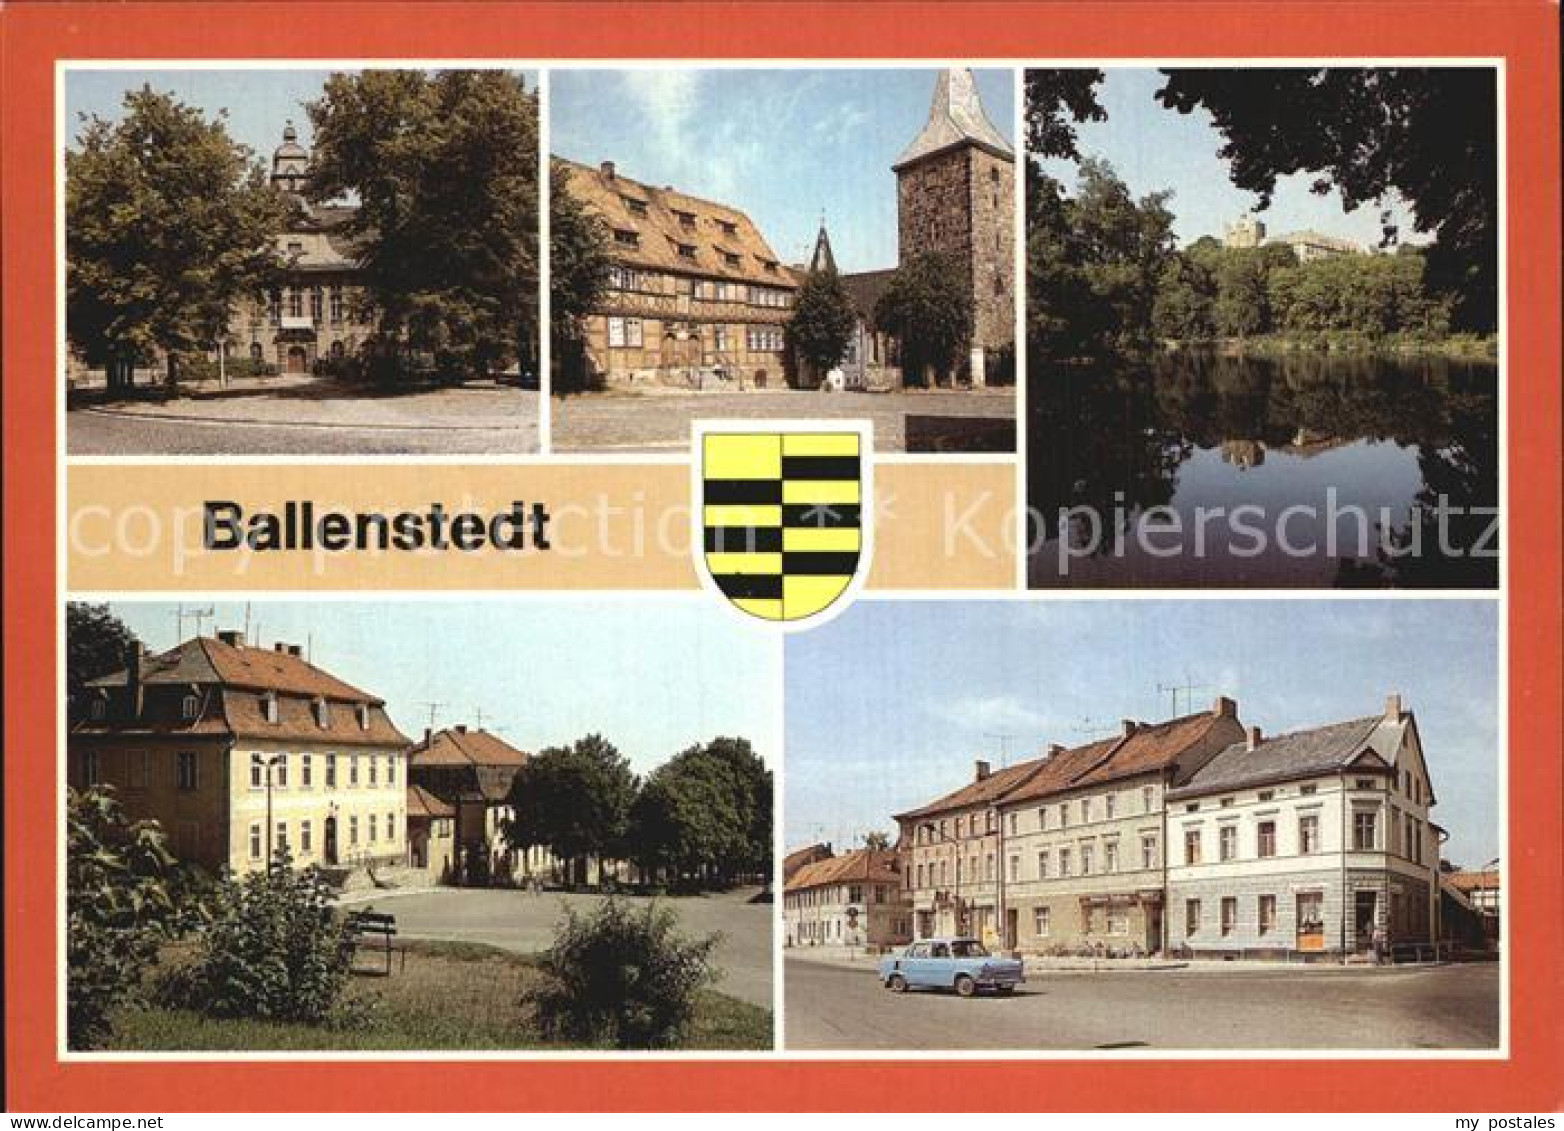 72550688 Ballenstedt Rathaus Alter Markt Schlossteich Wilhelm Pieck Allee Ballen - Ballenstedt
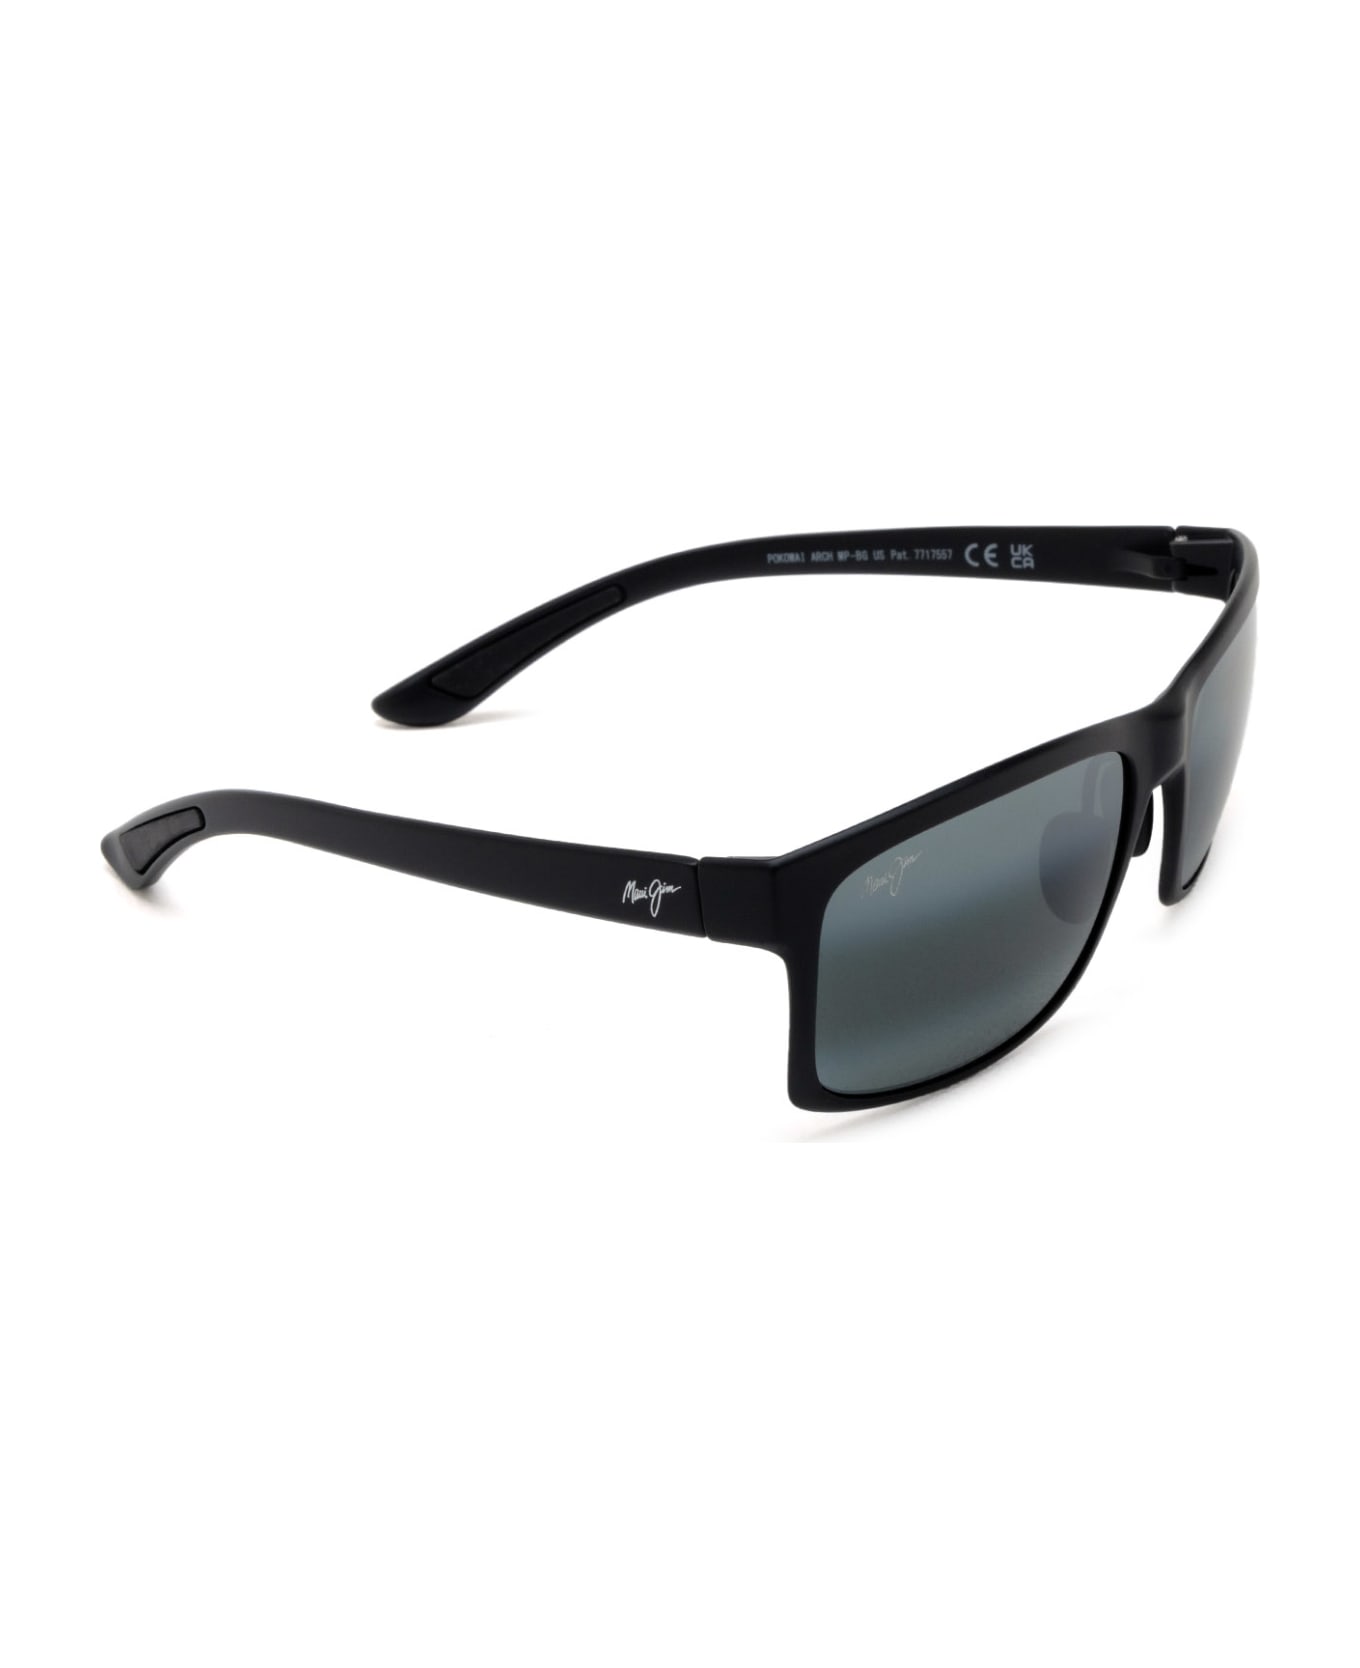 Maui Jim Mj439 Black Matte Sunglasses - Black Matte
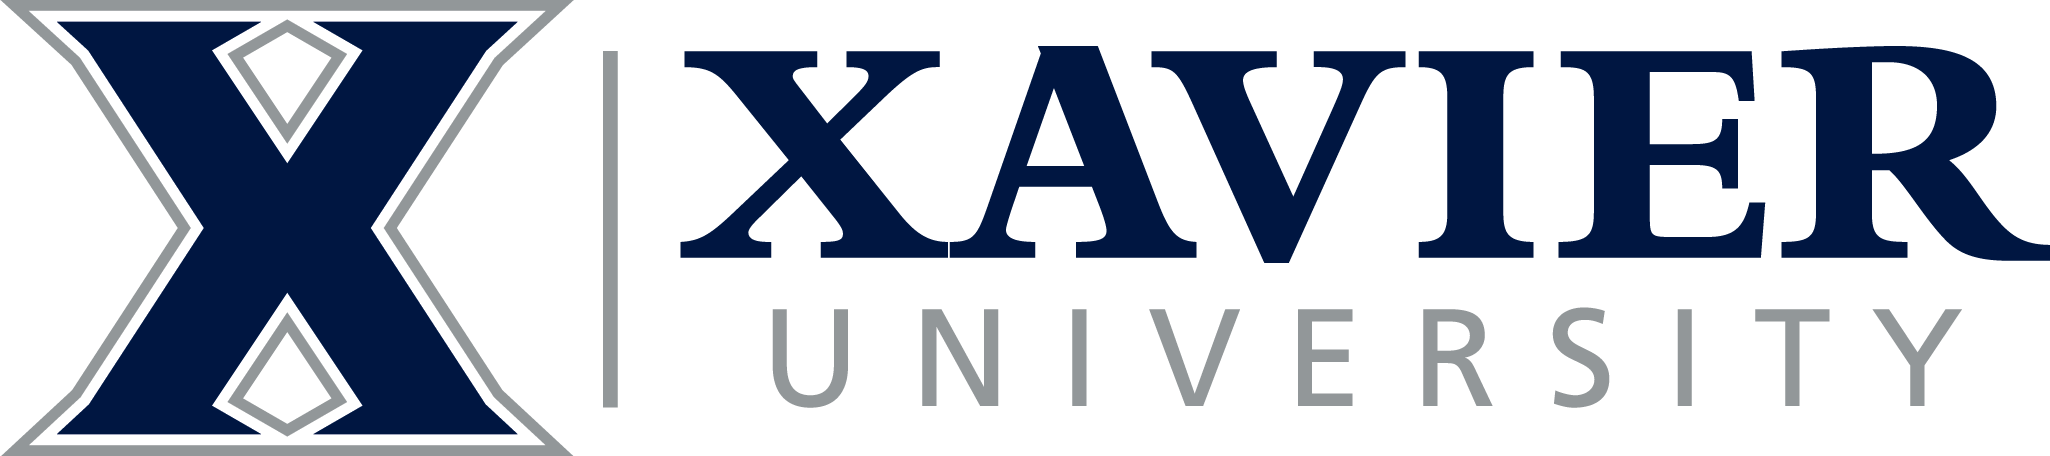 Xavier University Footer Logo
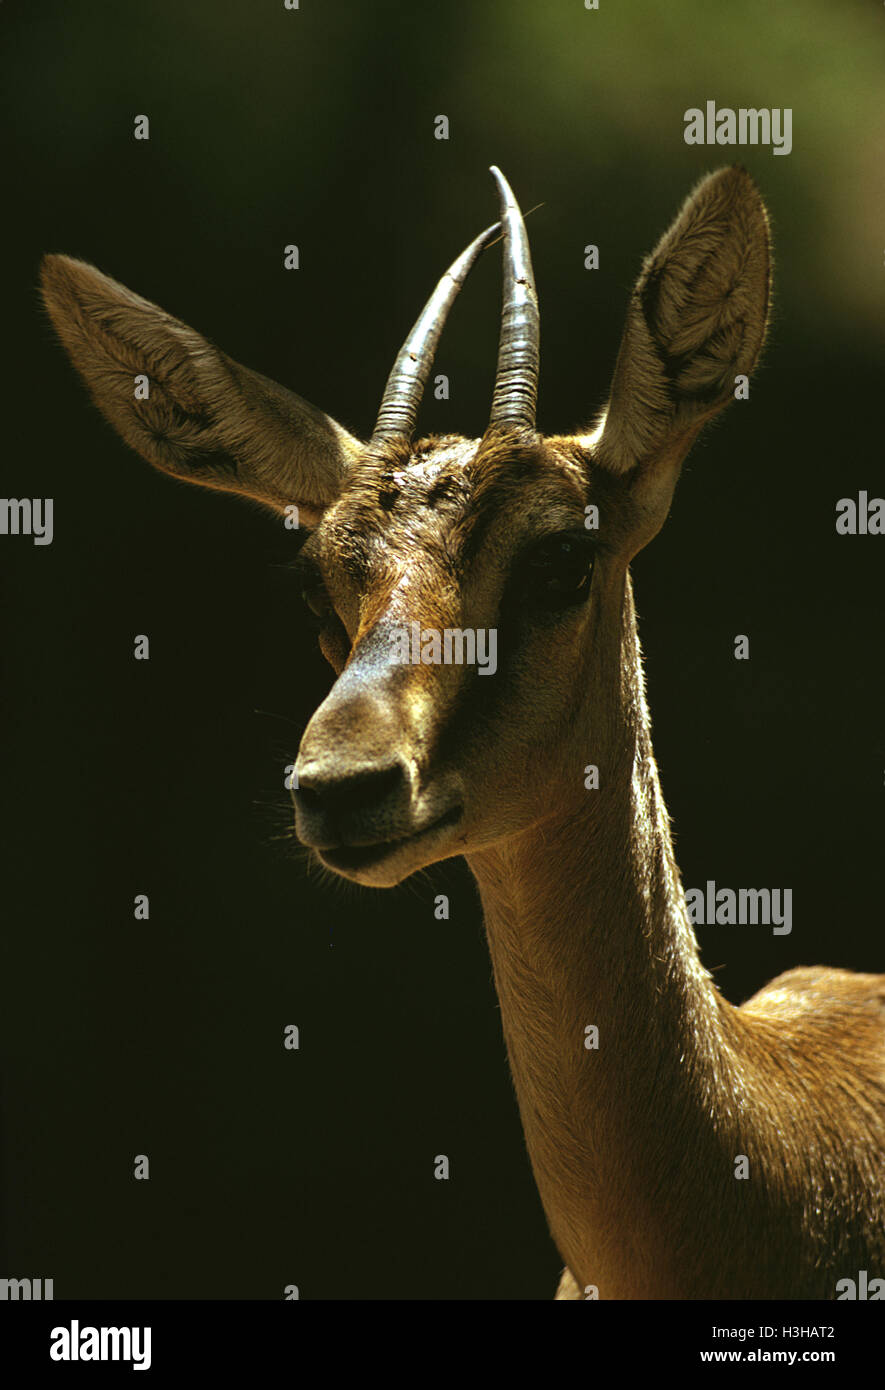 Mountain gazelle (Gazella gazella) Stock Photo
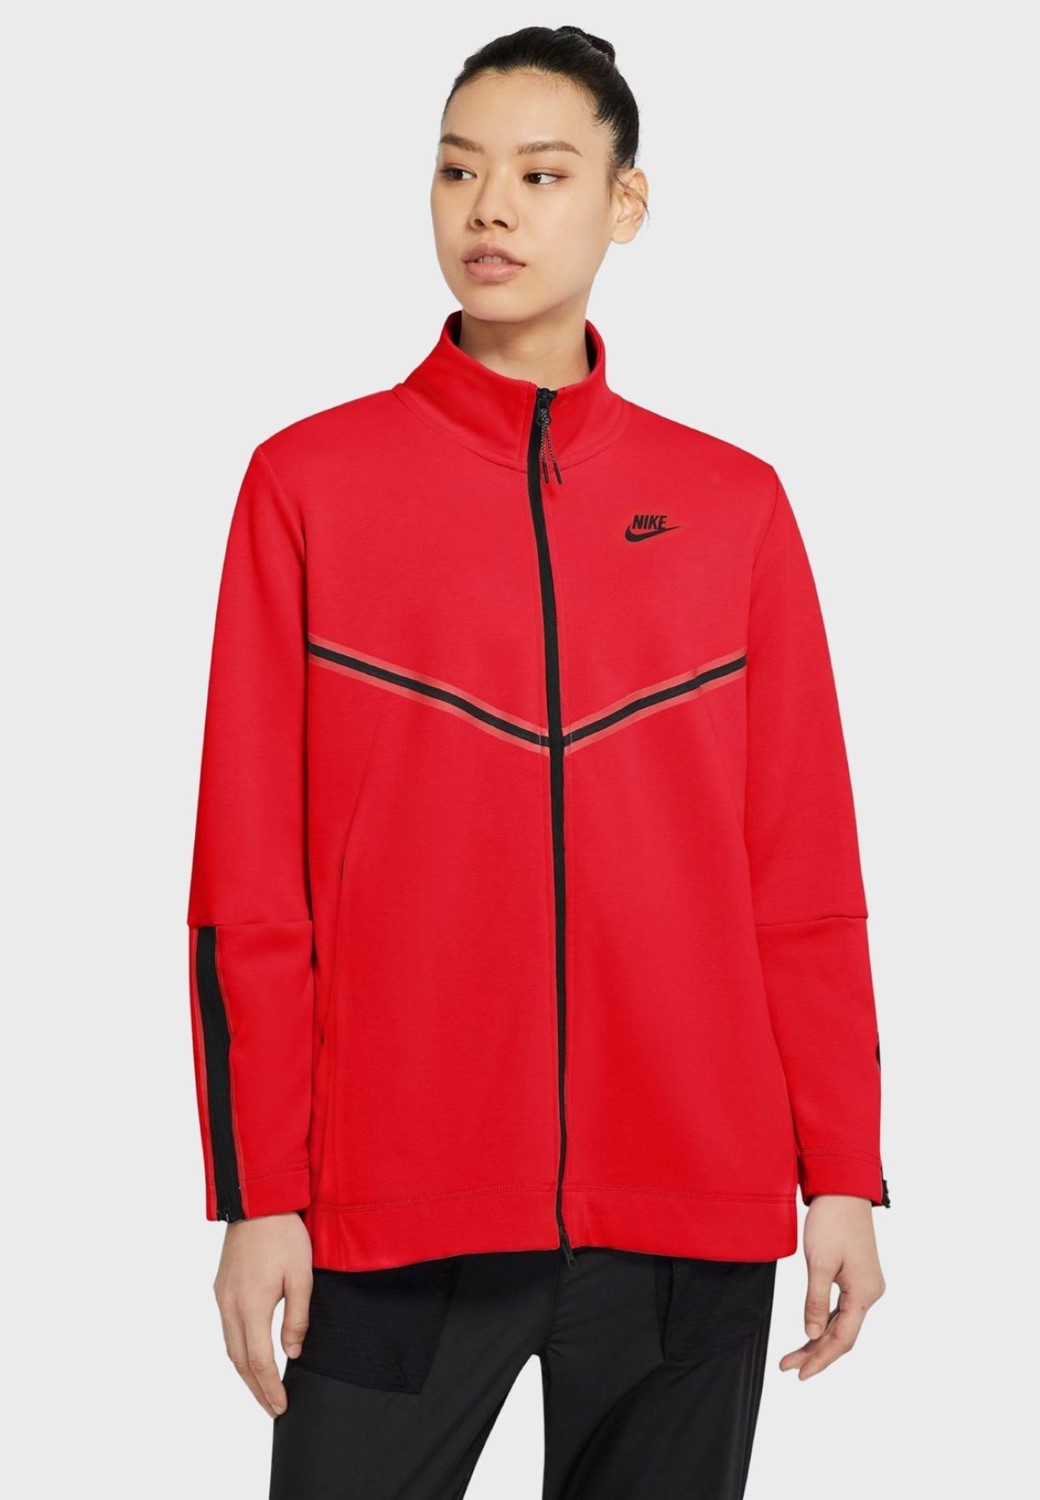 Nike TECH FLEECE FULL ZIP RED Size L CW4296-673 | eBay

:: Exercise objective ::
Please retype every entry above exactly, leaving out any picture.

:: Answer section ::
 72550688 Ballenstedt Rathaus Alter Markt Schlossteich Wilhelm Pieck Allee Ballen - Ballenstedt
 Maui Jim Mj439 Black Matte Sunglasses - Black Matte
 Xavier University Footer Logo
 Mountain gazelle (Gazella gazella) Stock Photo
 Nike TECH FLEECE FULL ZIP RED Size L CW4296-673 | eBay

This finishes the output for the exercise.